Les démissions répétées de hauts responsables du parti Pastef, incluant d’anciens soutiens inconditionnels d’Ousmane Sonko, illustrent une rupture sans précédent dans l’histoire politique sénégalaise récente. Ces départs, initialement perçus comme isolés, s’intensifient et dessinent les contours d’une crise institutionnelle majeure.

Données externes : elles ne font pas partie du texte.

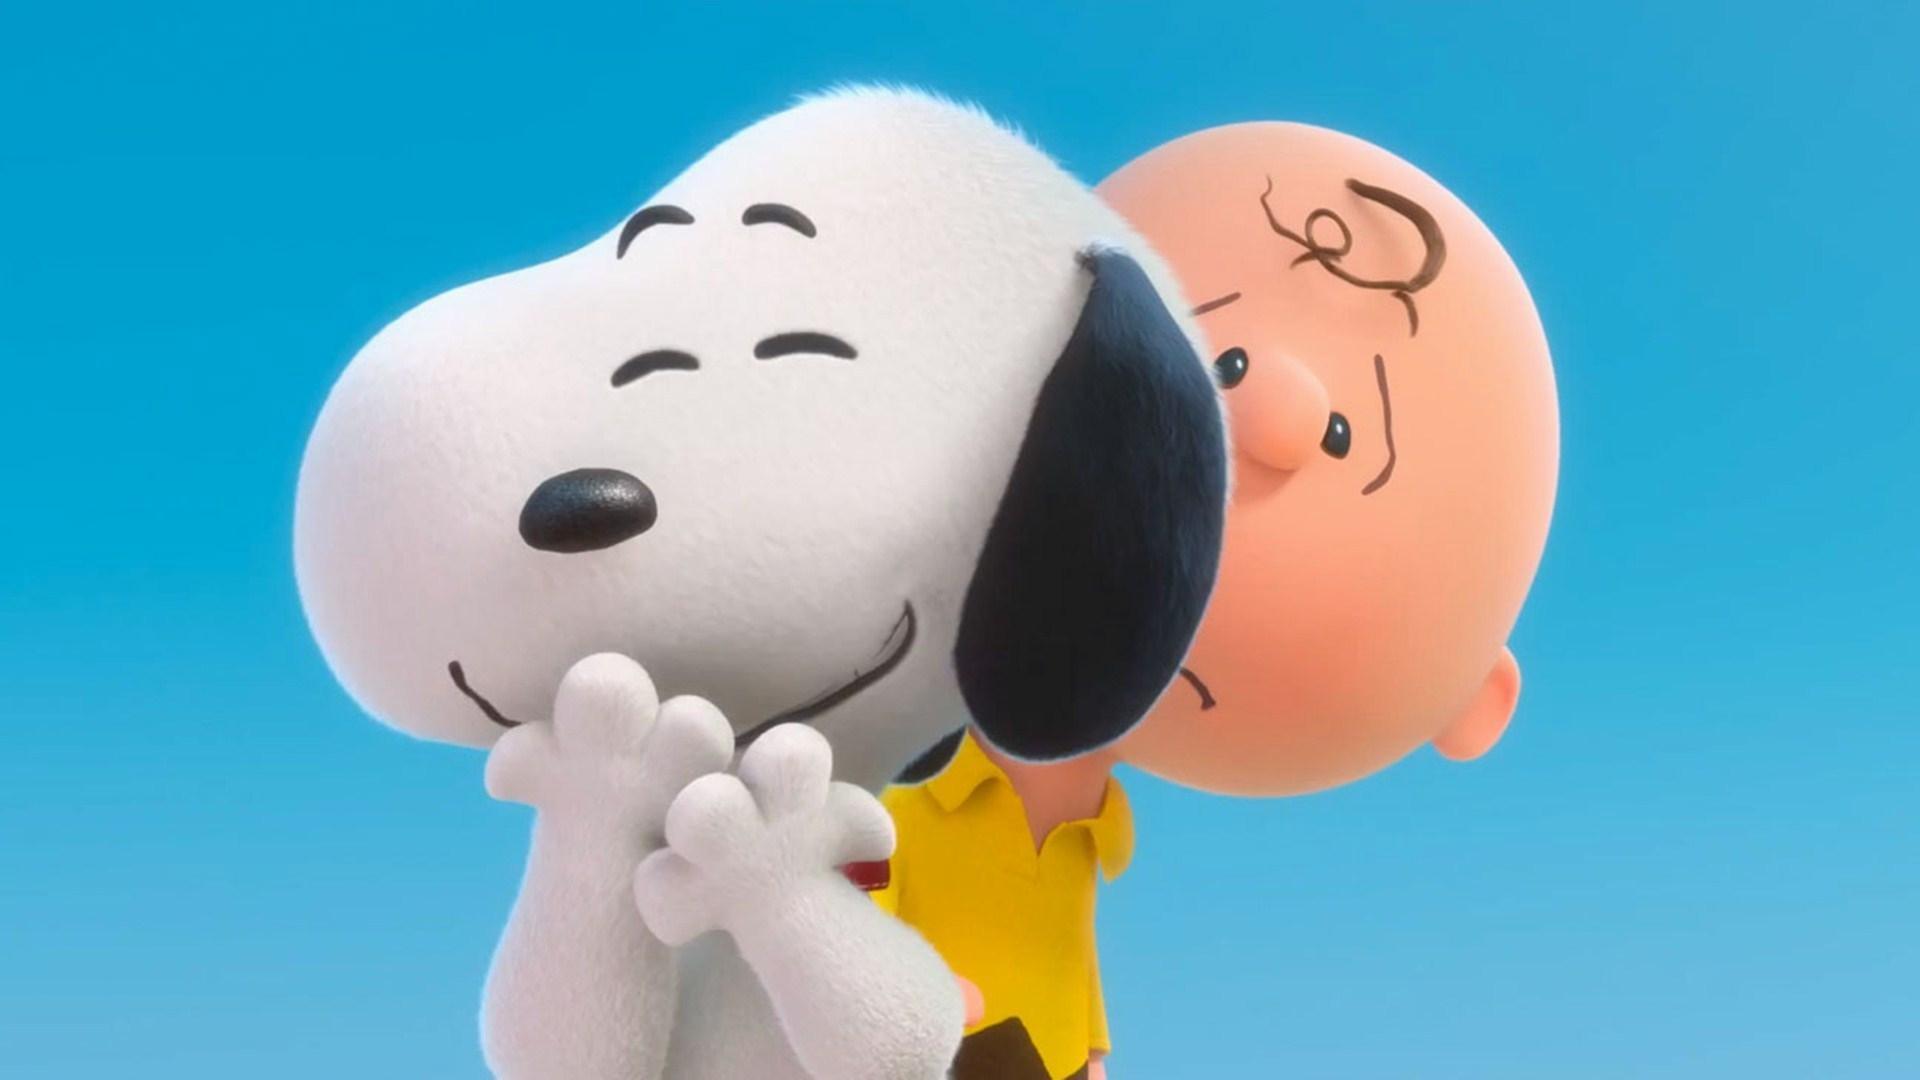 Snoopy Wallpaper Screensavers – WallpaperSafari

Ce qui n’était qu’une série de départs ponctuels il y a quelques semaines s’est transformé en une véritable hémorragie au sein du parti. Des figures historiques, des cadres expérimentés et des responsables d’agences publiques ont choisi de tourner la page du Pastef. Derrière cette vague de démissions, une réalité s’impose avec une clarté croissante : la fin d’une alliance politique qui avait porté Bassirou Diomaye Faye et Ousmane Sonko au pouvoir.
Portés par une dynamique d’alternance en mars 2024, les deux hommes incarnaient jusqu’alors l’espoir d’un nouveau départ pour le Sénégal. Pourtant, leur collaboration, présentée comme le pilier du régime, s’est effritée progressivement avant de s’effondrer définitivement avec le limogeage d’Ousmane Sonko de la Primature en mai 2026. Ce geste, perçu comme un acte fort, a marqué le point de non-retour dans une relation déjà tendue entre la Présidence et la Primature.
Alors qu’Ousmane Sonko occupait désormais la présidence de l’Assemblée nationale tout en conservant la direction du parti, Bassirou Diomaye Faye a cherché à reprendre le contrôle de l’appareil d’État. Cette redistribution des rôles a accentué les tensions internes et accéléré les départs au sein du Pastef.
Parmi les signaux les plus marquants de cette rupture figure la démission du ministre Moussa Bala Fofana, reconduit pour la troisième fois à la tête du ministère de l’Urbanisme. Son départ a été rendu public quelques jours seulement après qu’Ousmane Sonko eut publiquement critiqué certains ministres pour leur manque de loyauté envers les orientations du parti. Le ministre, tout en réaffirmant son respect pour son ancien mentor, a démenti toute allégeance directe au chef de l’État.
Une réforme constitutionnelle qui a enflammé les tensions
Le 3 juillet, Bassirou Diomaye Faye a franchi une étape supplémentaire en annonçant la création d’un nouveau parti présidentiel, un projet visant à unifier les forces politiques autour de sa vision. Cette initiative a achevé de convaincre les observateurs de l’entrée dans une phase de rupture définitive entre la Présidence et le parti fondateur. Dans la foulée, la coalition « Diomaye Président » s’est activement mobilisée pour structurer des ralliements et consolider son ancrage politique.